I have a table with pairs of matching records that I query like this:
select id,name,amount,type from accounting_entries
where name like "%05" and amount != 0 order by name limit 10;
Results:
+------+----------------------+--------+-------+
| id | name | amount | type |
+------+----------------------+--------+-------+
| 786 | D-1194-838HELLUJP-05 | -5800 | DEBIT |
| 785 | D-1194-838HELLUJP-05 | -5800 | DEBIT |
| 5060 | D-1195-UOK4HS5POF-05 | -5000 | DEBIT |
| 5059 | D-1195-UOK4HS5POF-05 | -5000 | DEBIT |
| 246 | D-1196-0FUCJI66BX-05 | -7000 | DEBIT |
| 245 | D-1196-0FUCJI66BX-05 | -7000 | DEBIT |
| 9720 | D-1197-W2J0EC1BOB-05 | -6500 | DEBIT |
| 9719 | D-1197-W2J0EC1BOB-05 | -6500 | DEBIT |
| 2694 | D-1198-MFKIKHGW0S-05 | -5500 | DEBIT |
| 2693 | D-1198-MFKIKHGW0S-05 | -5500 | DEBIT |
+------+----------------------+--------+-------+
10 rows in set (0.01 sec)
I need to perform an update so that the resulting data will look like this:
+------+----------------------+--------+--------+
| id | name | amount | type |
+------+----------------------+--------+--------+
| 786 | D-1194-838HELLUJP-05 | -5800 | DEBIT |
| 785 | C-1194-838HELLUJP-05 | 5800 | CREDIT |
| 5060 | D-1195-UOK4HS5POF-05 | -5000 | DEBIT |
| 5059 | C-1195-UOK4HS5POF-05 | 5000 | CREDIT |
| 246 | D-1196-0FUCJI66BX-05 | -7000 | DEBIT |
| 245 | C-1196-0FUCJI66BX-05 | 7000 | CREDIT |
| 9720 | D-1197-W2J0EC1BOB-05 | -6500 | DEBIT |
| 9719 | C-1197-W2J0EC1BOB-05 | 6500 | CREDIT |
| 2694 | D-1198-MFKIKHGW0S-05 | -5500 | DEBIT |
| 2693 | C-1198-MFKIKHGW0S-05 | 5500 | CREDIT |
+------+----------------------+--------+--------+
10 rows in set (0.01 sec)
One entry should negate the other entry. It doesn't matter if I update the first or second matching record, what matters is that one has a positive amount and the other has a negative amount. And the type and name need to be updated.
Any clues on how to do this? What would the update command look like? Maybe using a group by clause? I have some ideas on how to do it with a stored procedure, but can I do it with a simple update?
Try this:
UPDATE accounting_entries as ae
SET name = 'C' + SubString(name, 1, Length(name) - 1))
amount = amount * -1
type = 'Credit'
WHERE id =
(SELECT MIN(id) FROM
(SELECT * FROM accounting_entries) as temp
GROUP BY name)
The key is the subquery in the WHERE section that limits the updates to the lowest ID of each name value. The assumption is that the lower ID is the one that you will always want to update. If this is not correct, then update the subquery based on whatever rule you would use.

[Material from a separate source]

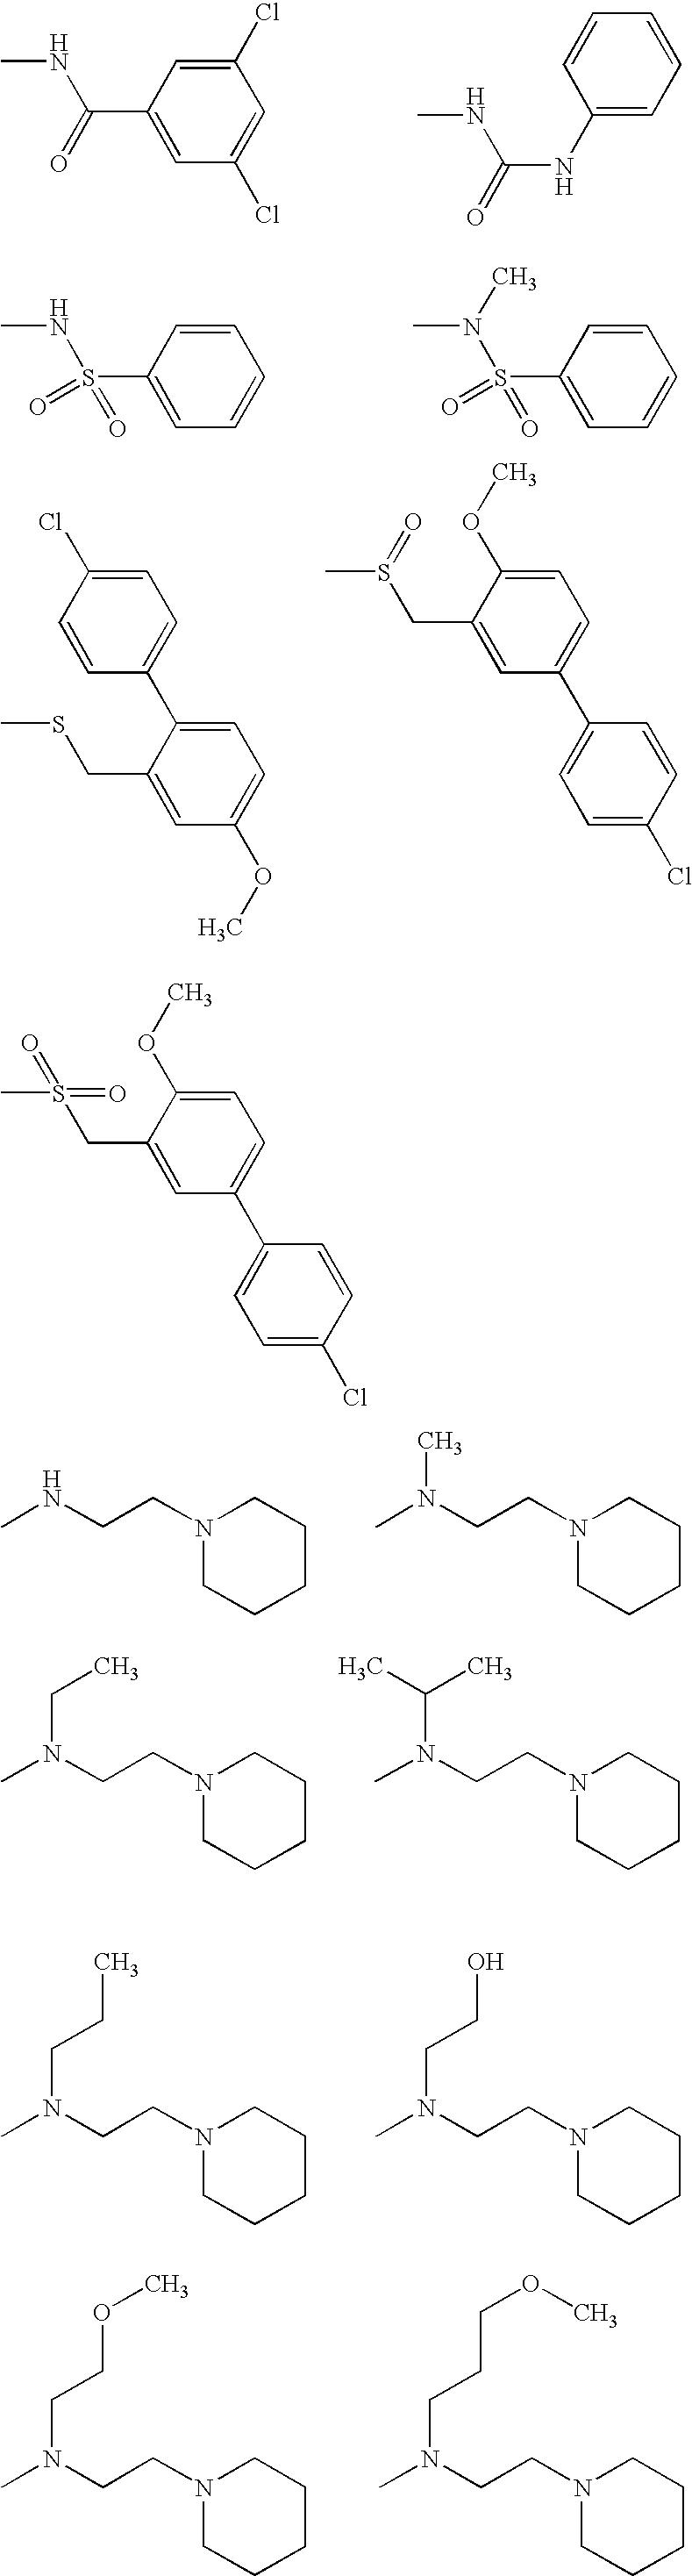 Figure US20070049593A1-20070301-C00241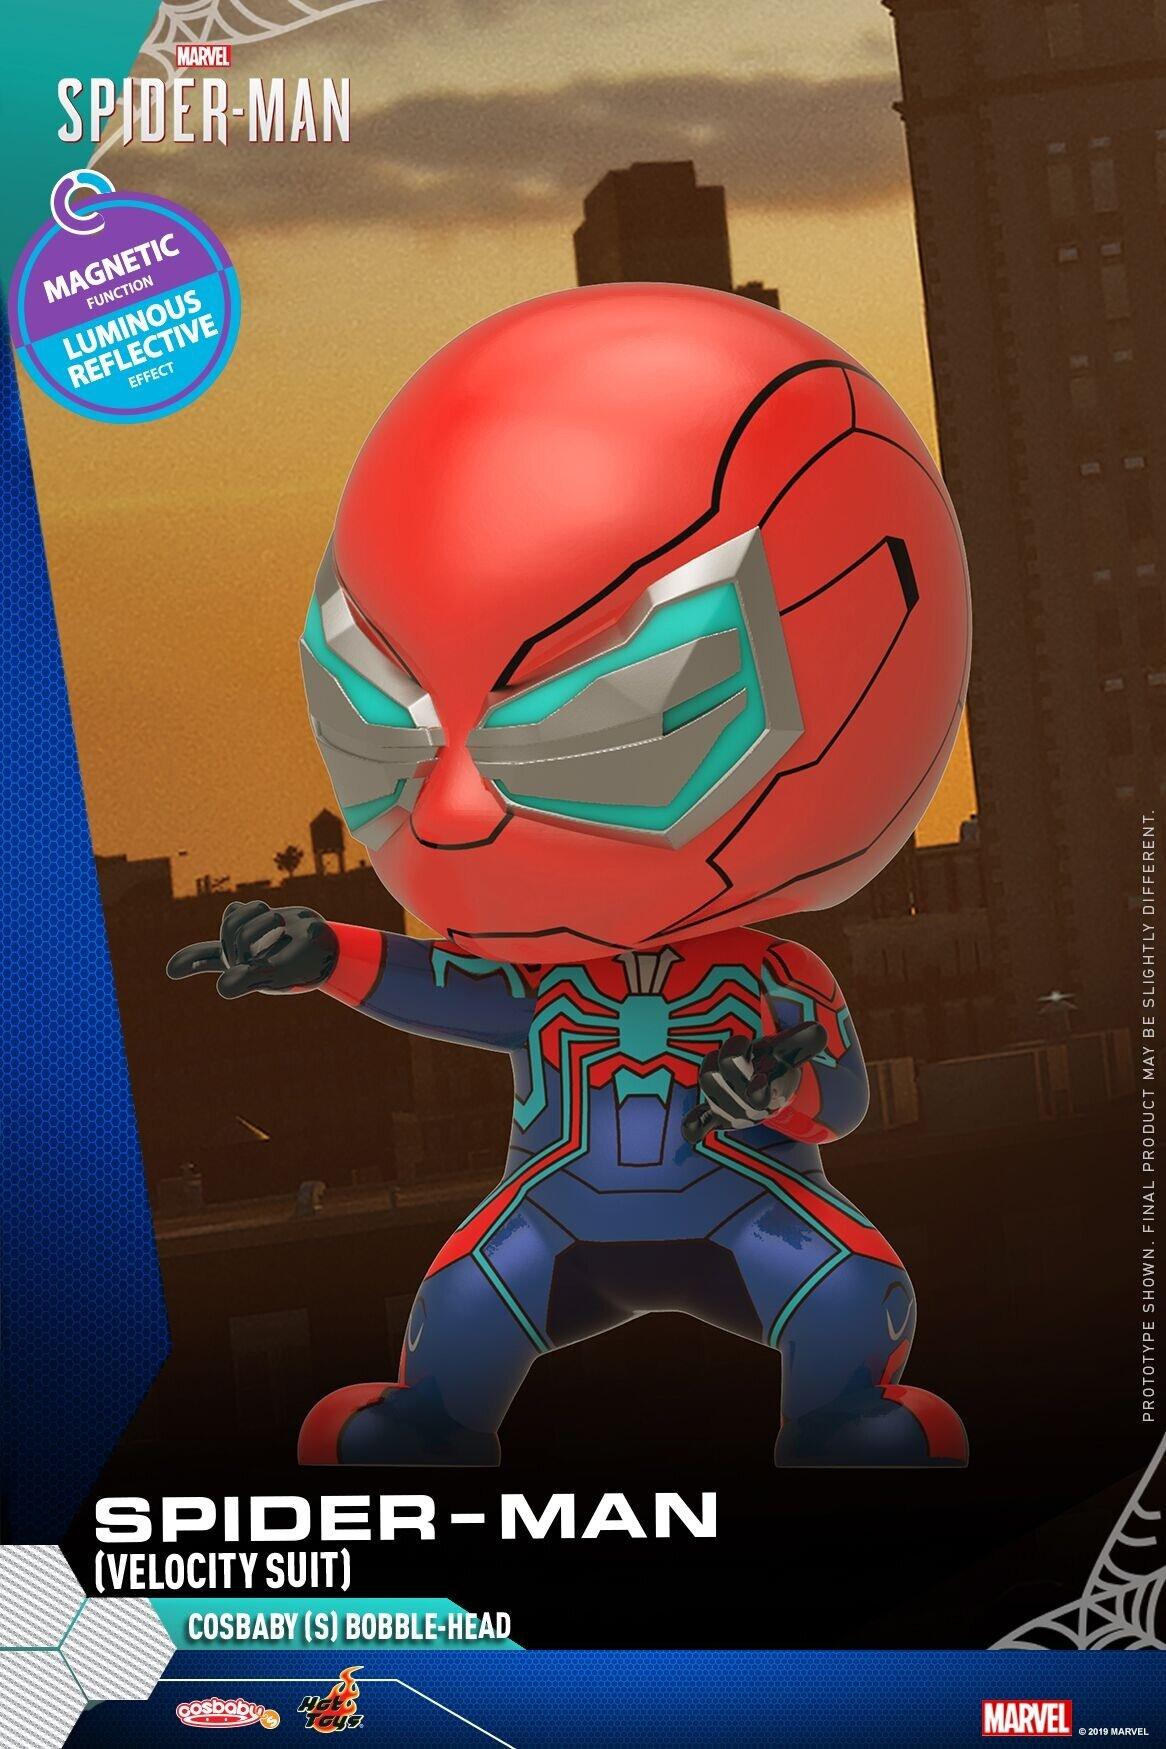 [Hot Toys] 코스베이비 스파이더맨 Velocity Suit Ver. COSB618

Edit: Update to subquery based on technique found here, due to limitation on mysql defined here.
This query gives a method for updating all records at once (as it seemed like this is what the OP was looking for. However, the most efficient way to do this would be to enumerate through all records in code (php, asp.net, etc), and through code-based methods update the rows that needed to change. This would eliminate the performance issues inherent with running updates off of subqueries in mysql.
If the ID:s for a pair always match the formula x and x+1, you could say something like
WHERE MOD(`id`, 2) = 1
EDIT: I haven't tested this code, so I can't guarantee that it's possible to put a column name into a MOD like this, but it might be worth a try, and/or further investigation.
Does this constraint hold true all the time (D == -C) ?
If so, you do not need to keep redundant data in your table, store only one "amount" value (for example the debit):
786 | 1194-838HELLUJP-05 | -5800
and then, on the application level, append a D- to the name and get the raw amount or append a C- and get the - amount.